About this task —
Take the line containing "E-R Diagram for" and every line after it to the end of the material below; reproduce them exactly, without pictures.

Recorded information —
* * * * *

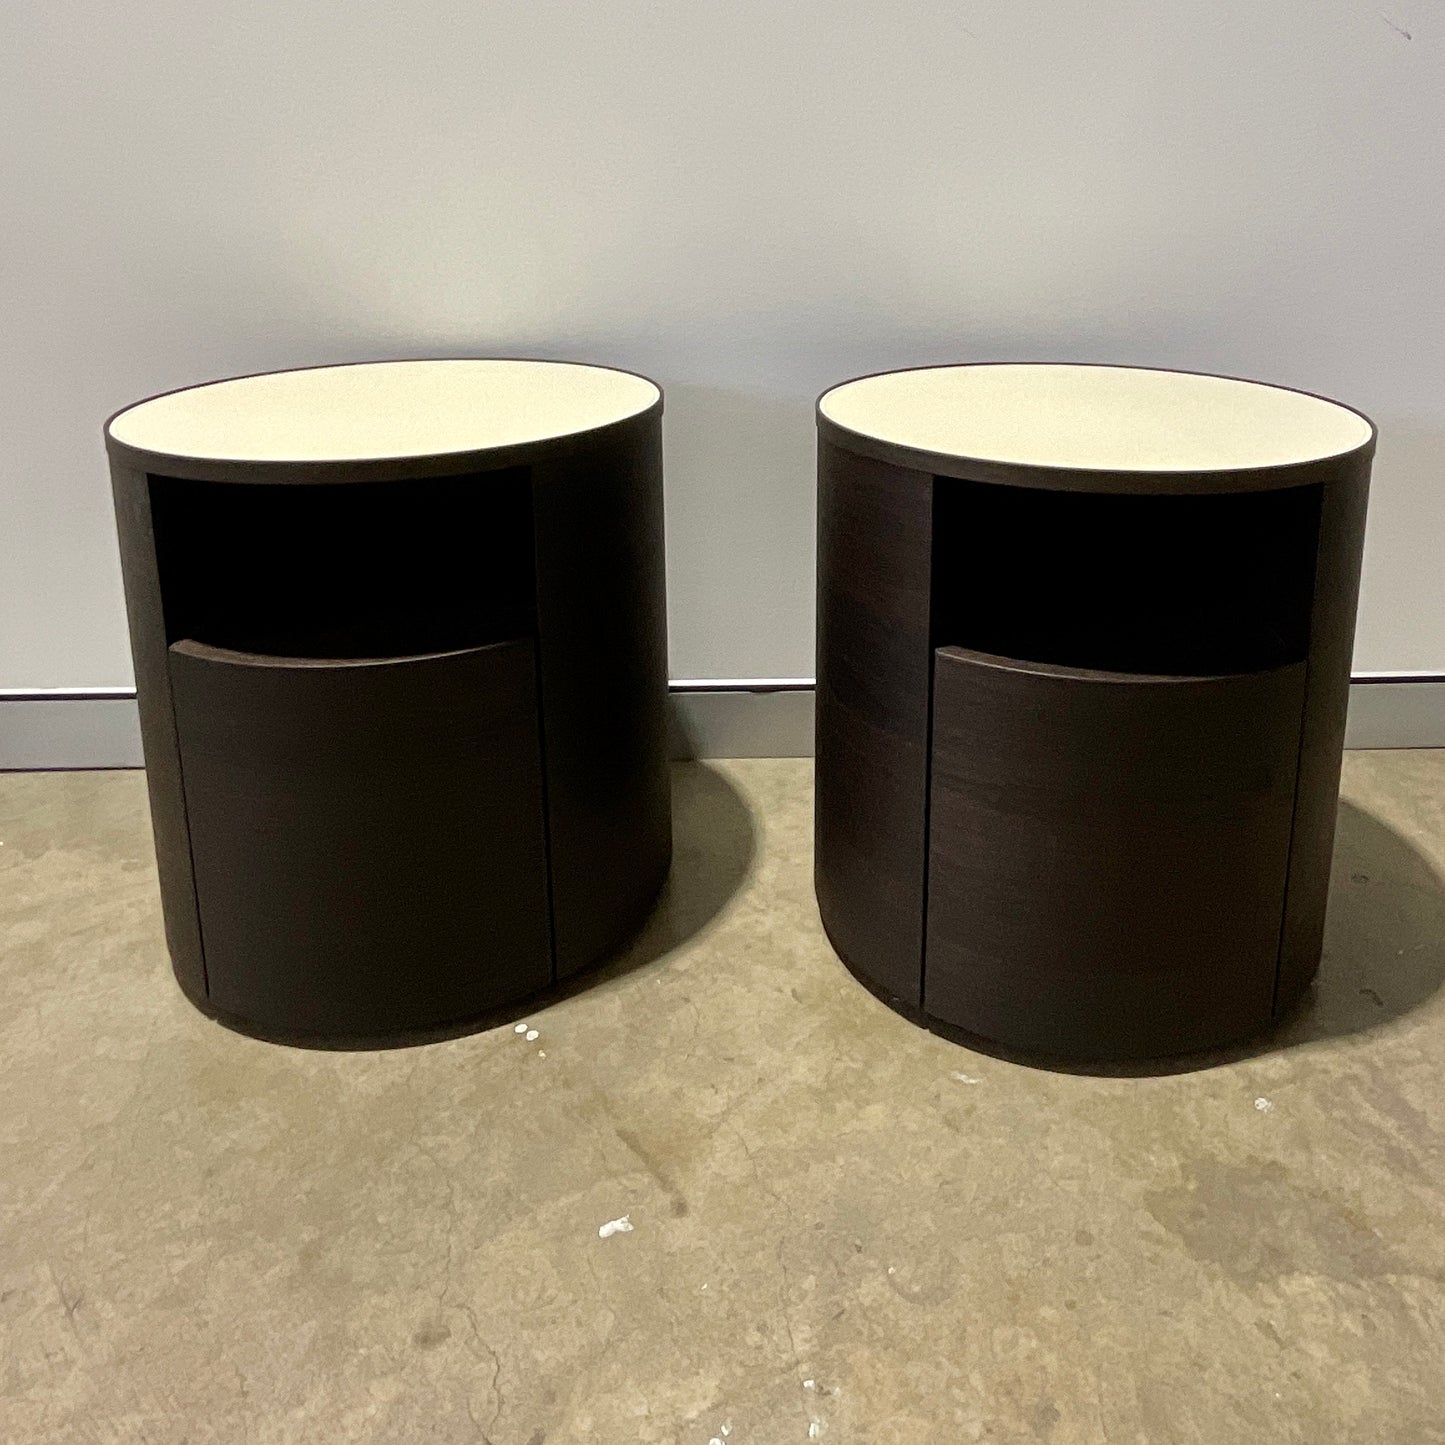 PAIR Onda Bedside Tables by Paolo Piva for Poliform
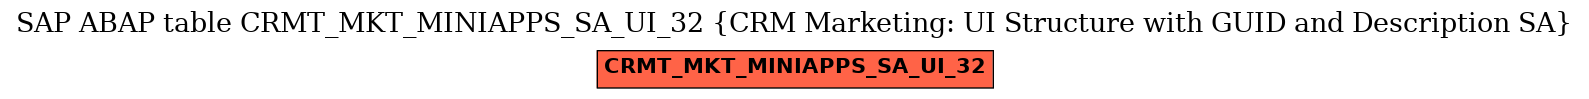 E-R Diagram for table CRMT_MKT_MINIAPPS_SA_UI_32 (CRM Marketing: UI Structure with GUID and Description SA)
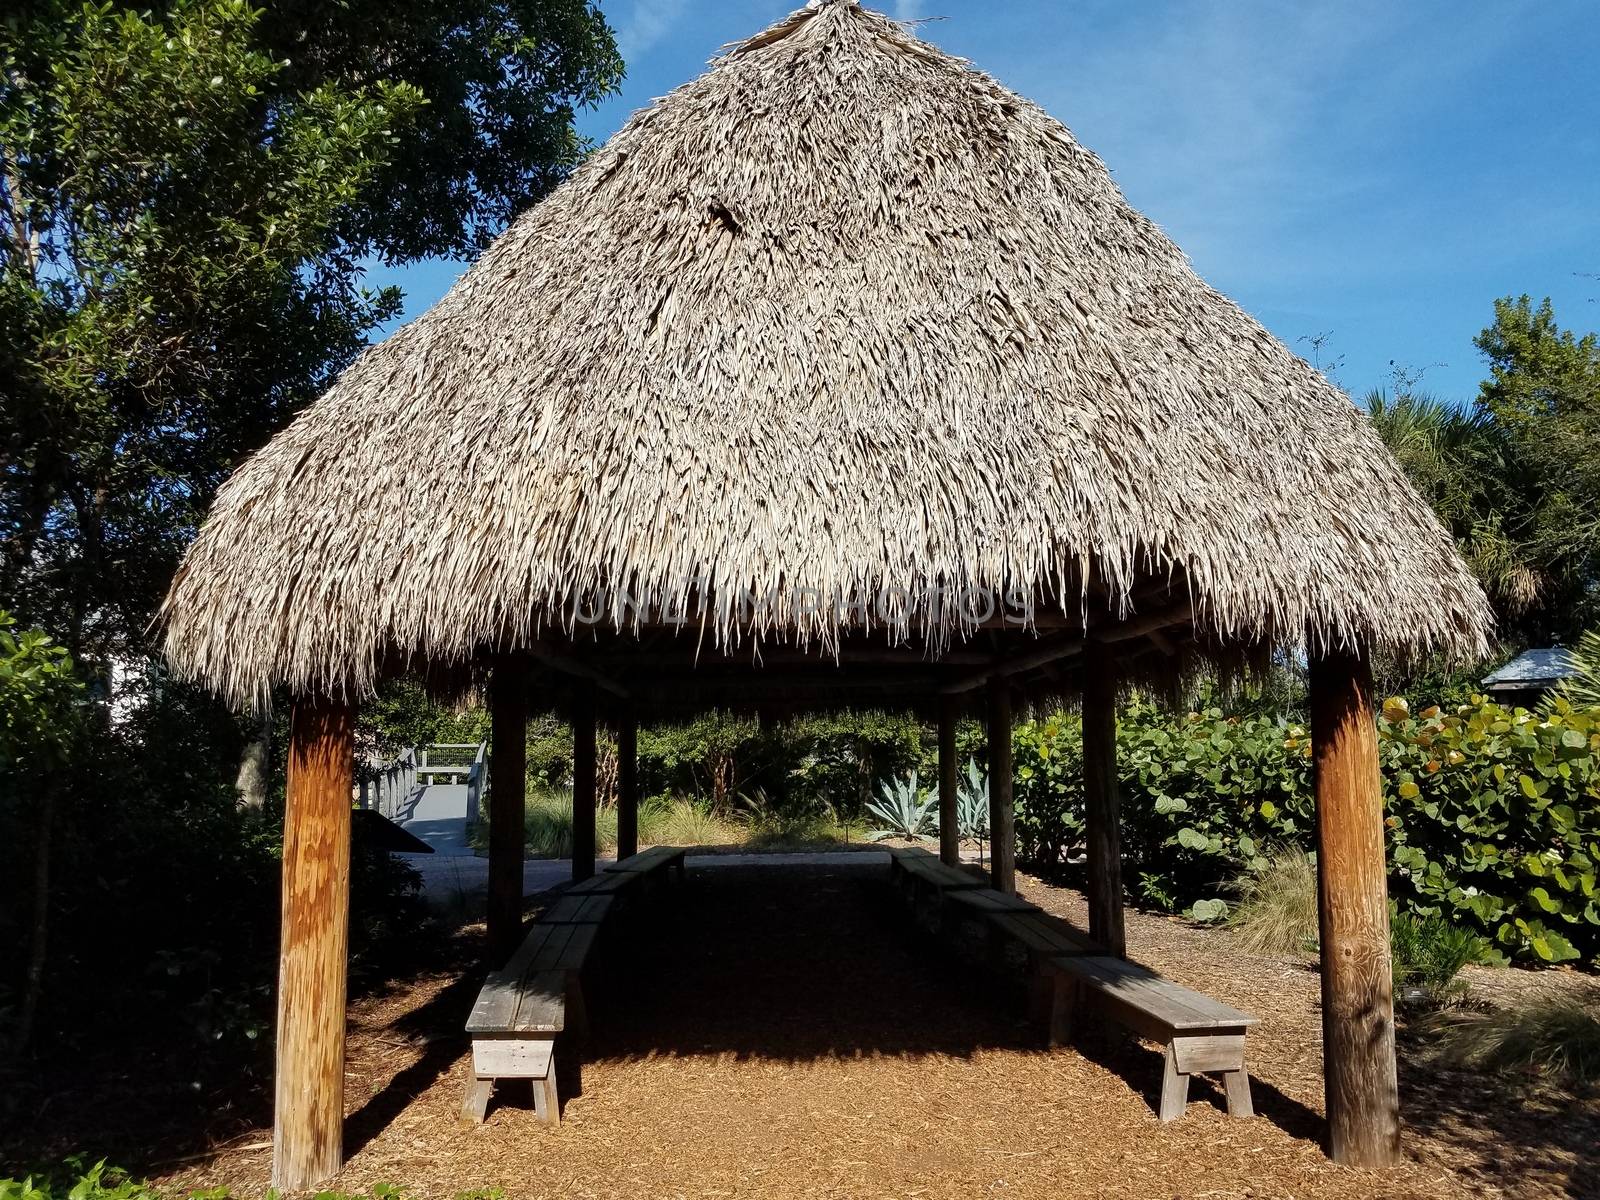 structure or building with grass or thatch roof and wood benches
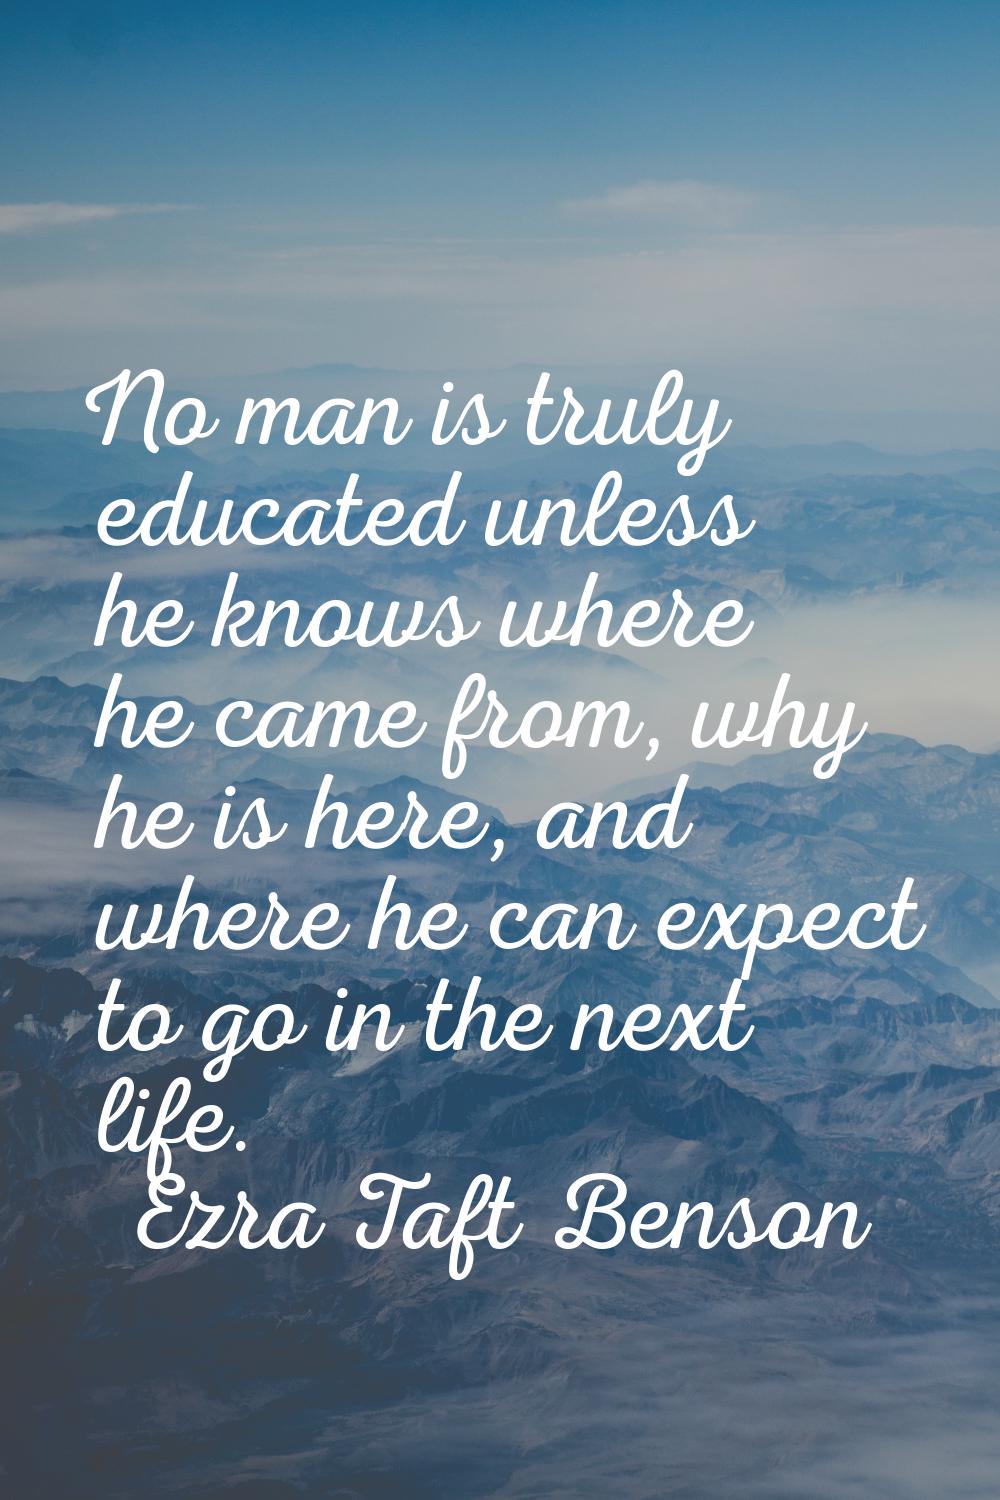 No man is truly educated unless he knows where he came from, why he is here, and where he can expec

* * * * *

Response to this task —
 E-R Diagram for table CRMT_MKT_MINIAPPS_SA_UI_32 (CRM Marketing: UI Structure with GUID and Description SA)
 structure or building with grass or thatch roof and wood benches
 No man is truly educated unless he knows where he came from, why he is here, and where he can expec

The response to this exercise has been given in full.